▶ _Exercise instructions_
Without including any pictures, write out the data below exactly.

**** Supplied information

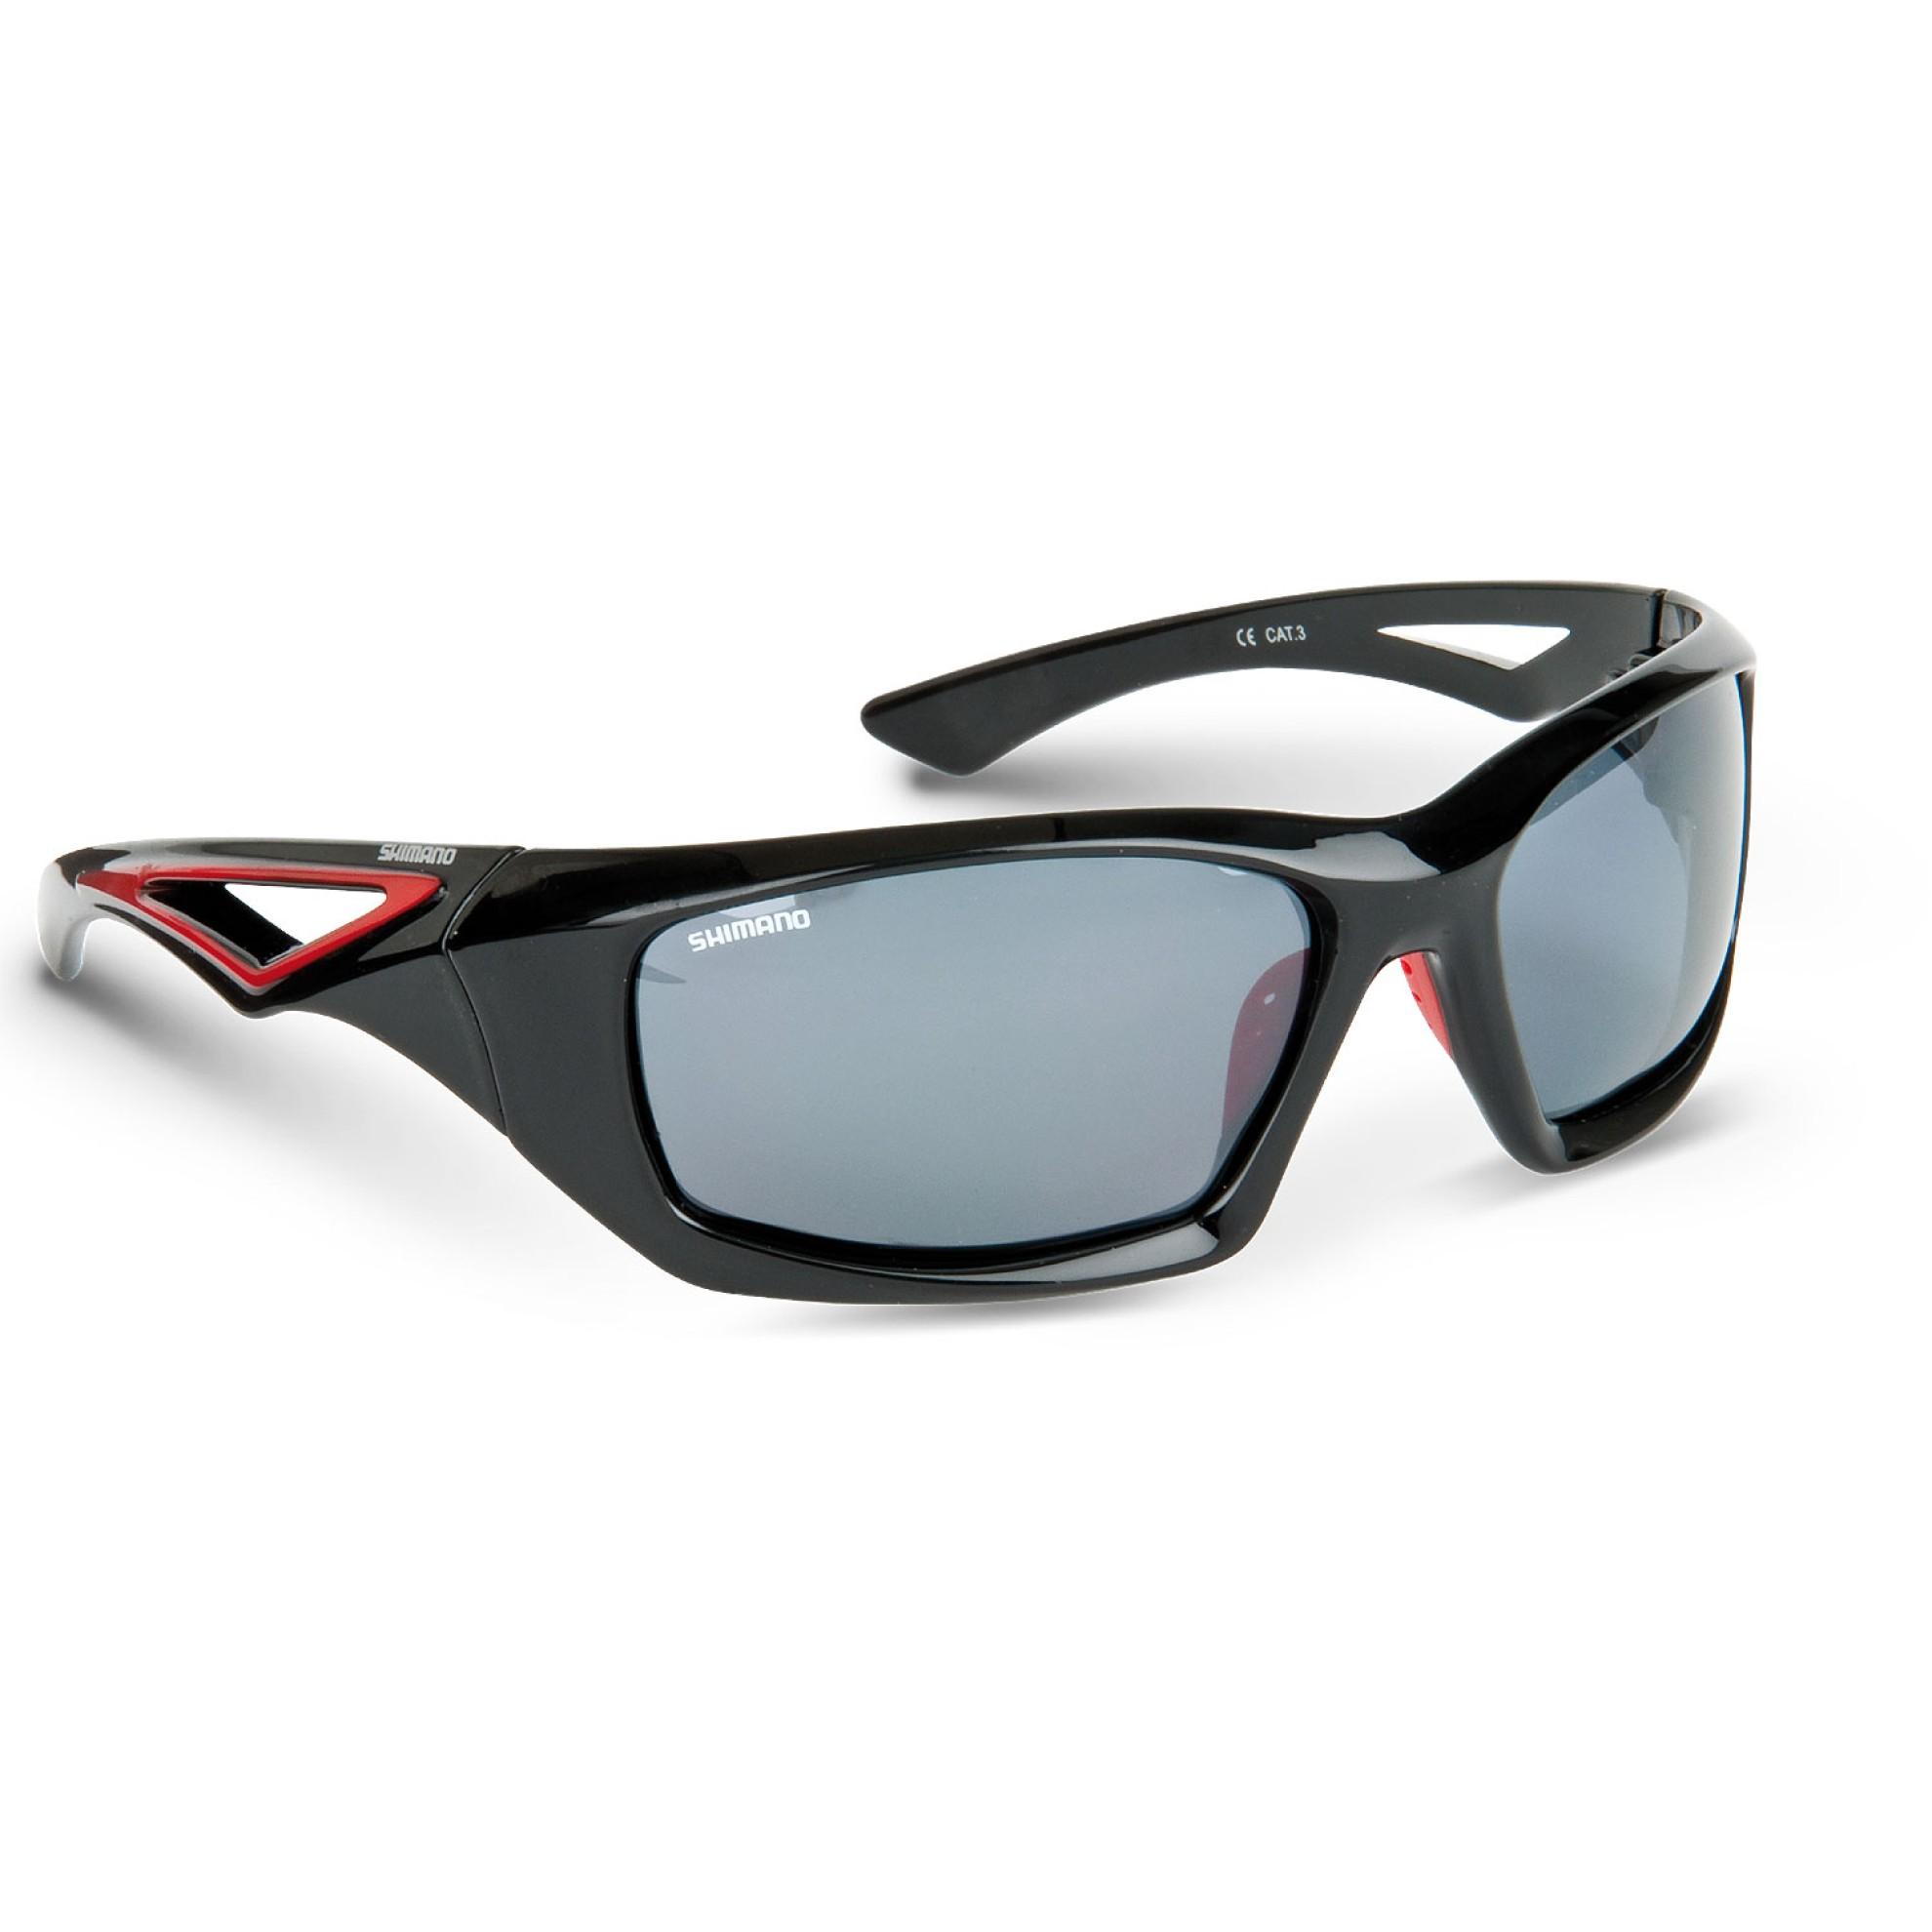 bb0258c5238 SHIMANO Aernos Polarized Sunglasses
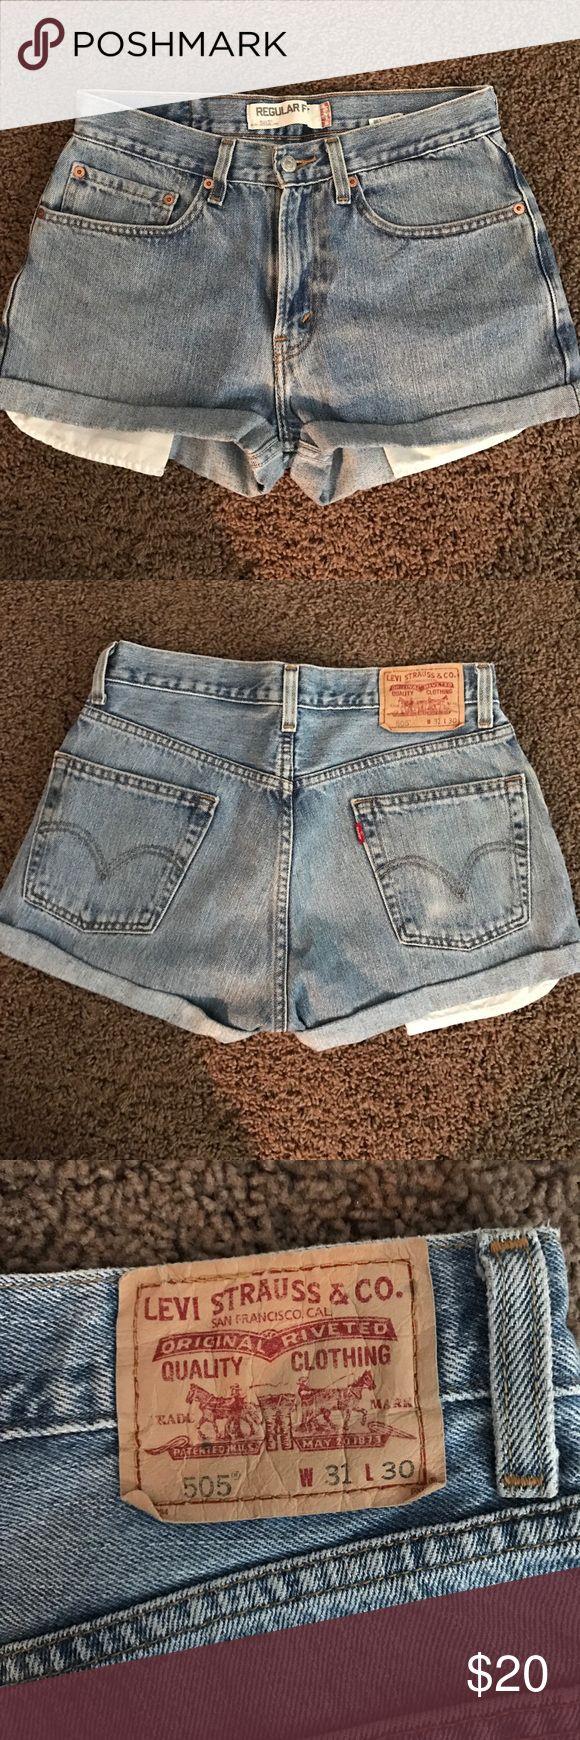 Vintage Levi regular fit 505 jean shorts Levi 505 jean shorts // regular fit // w31 l30 // worn once // runs small Levi's Shorts Jean Shorts
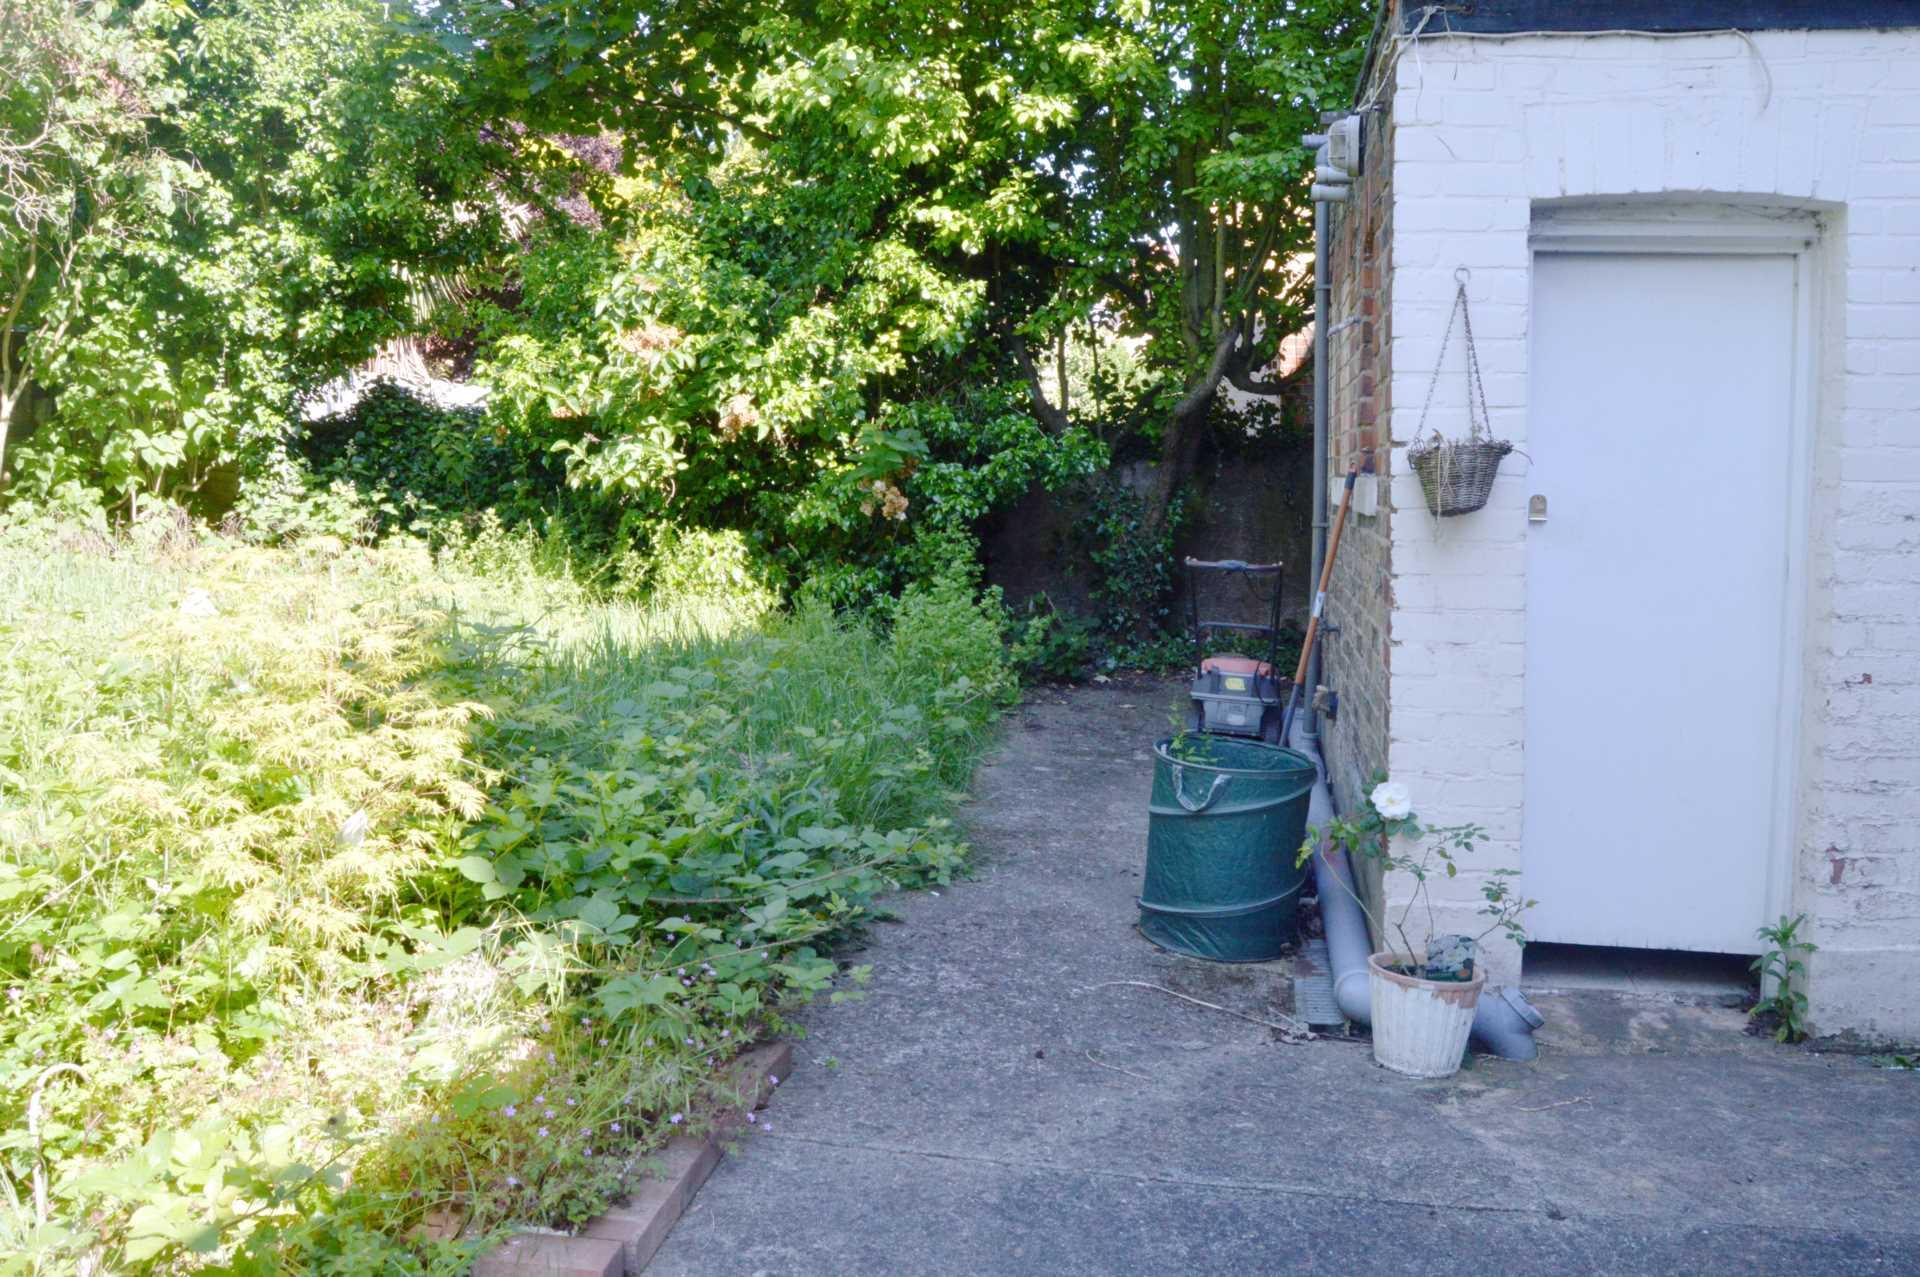 Emanuel Avenue, Acton, Image 7
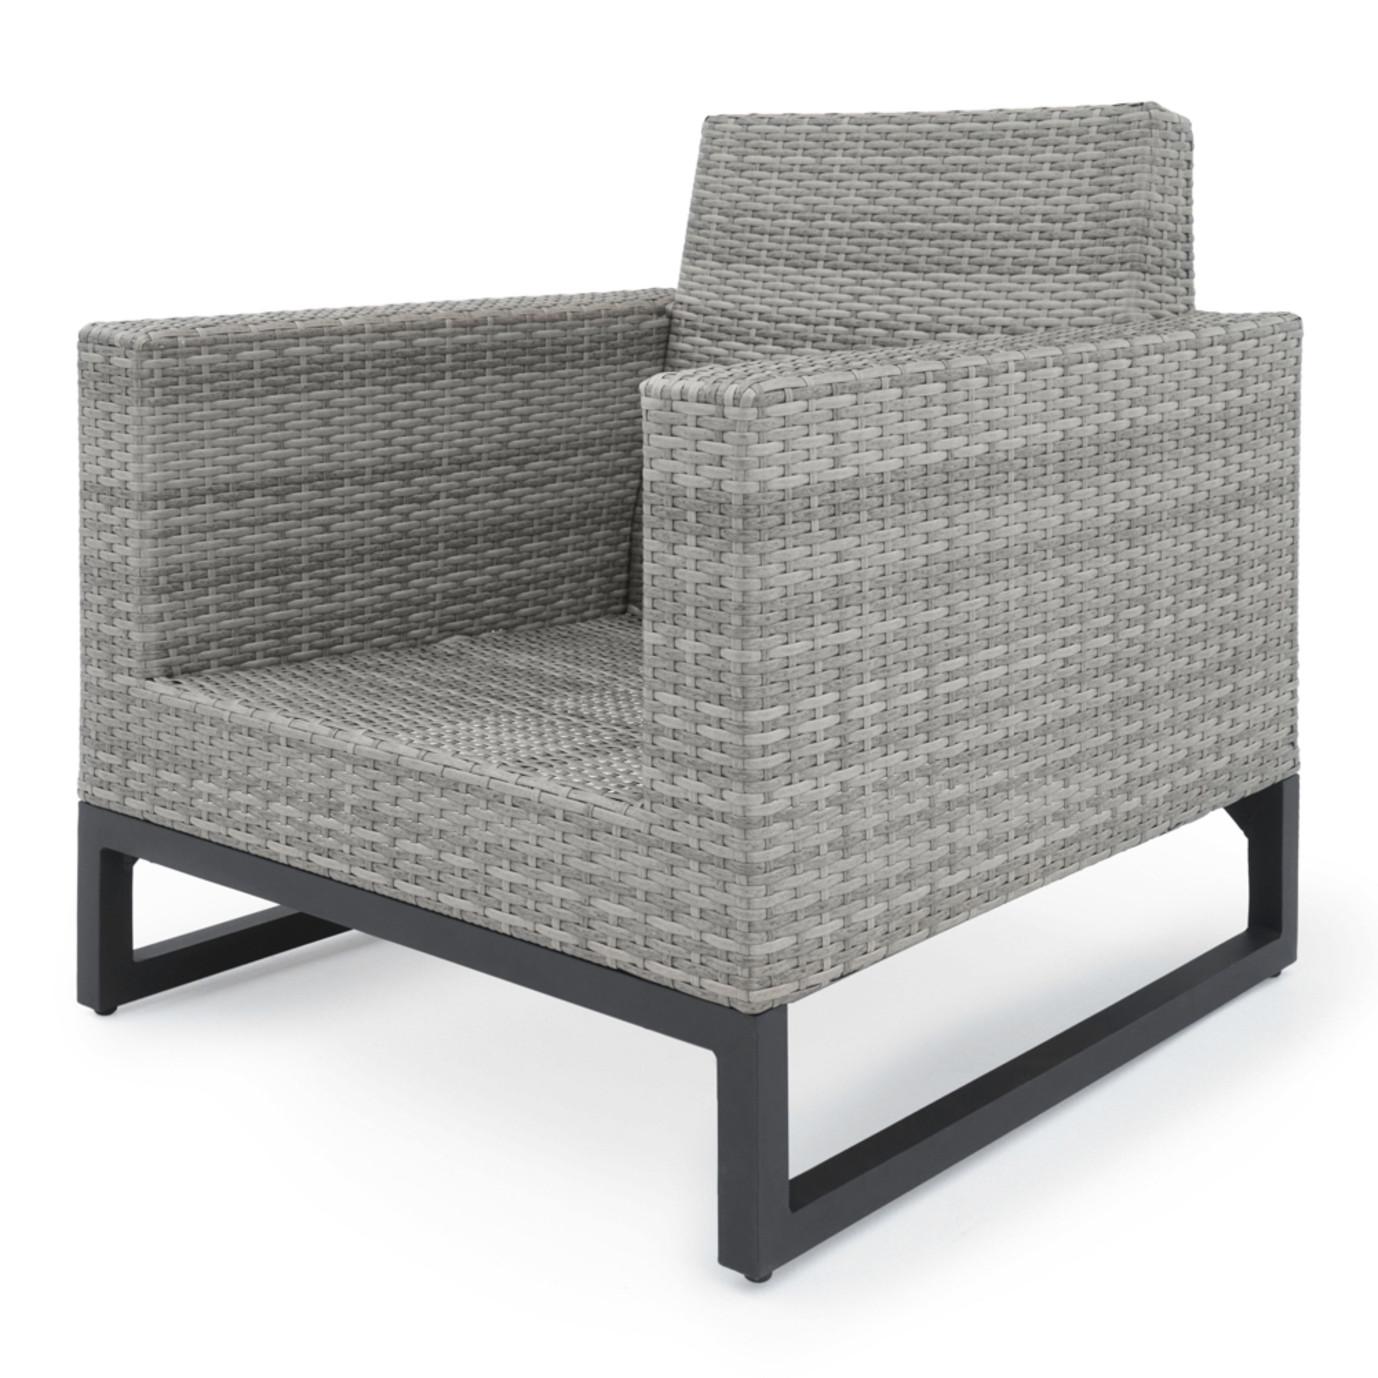 Milo™ Gray Club Chairs - Maxim Beige

********

▶ _Response_
 bb0258c5238 SHIMANO Aernos Polarized Sunglasses
 Vintage Levi regular fit 505 jean shorts Levi 505 jean shorts // regular fit // w31 l30 // worn once // runs small Levi's Shorts Jean Shorts
 Emanuel Avenue, Acton, Image 7
 Milo™ Gray Club Chairs - Maxim Beige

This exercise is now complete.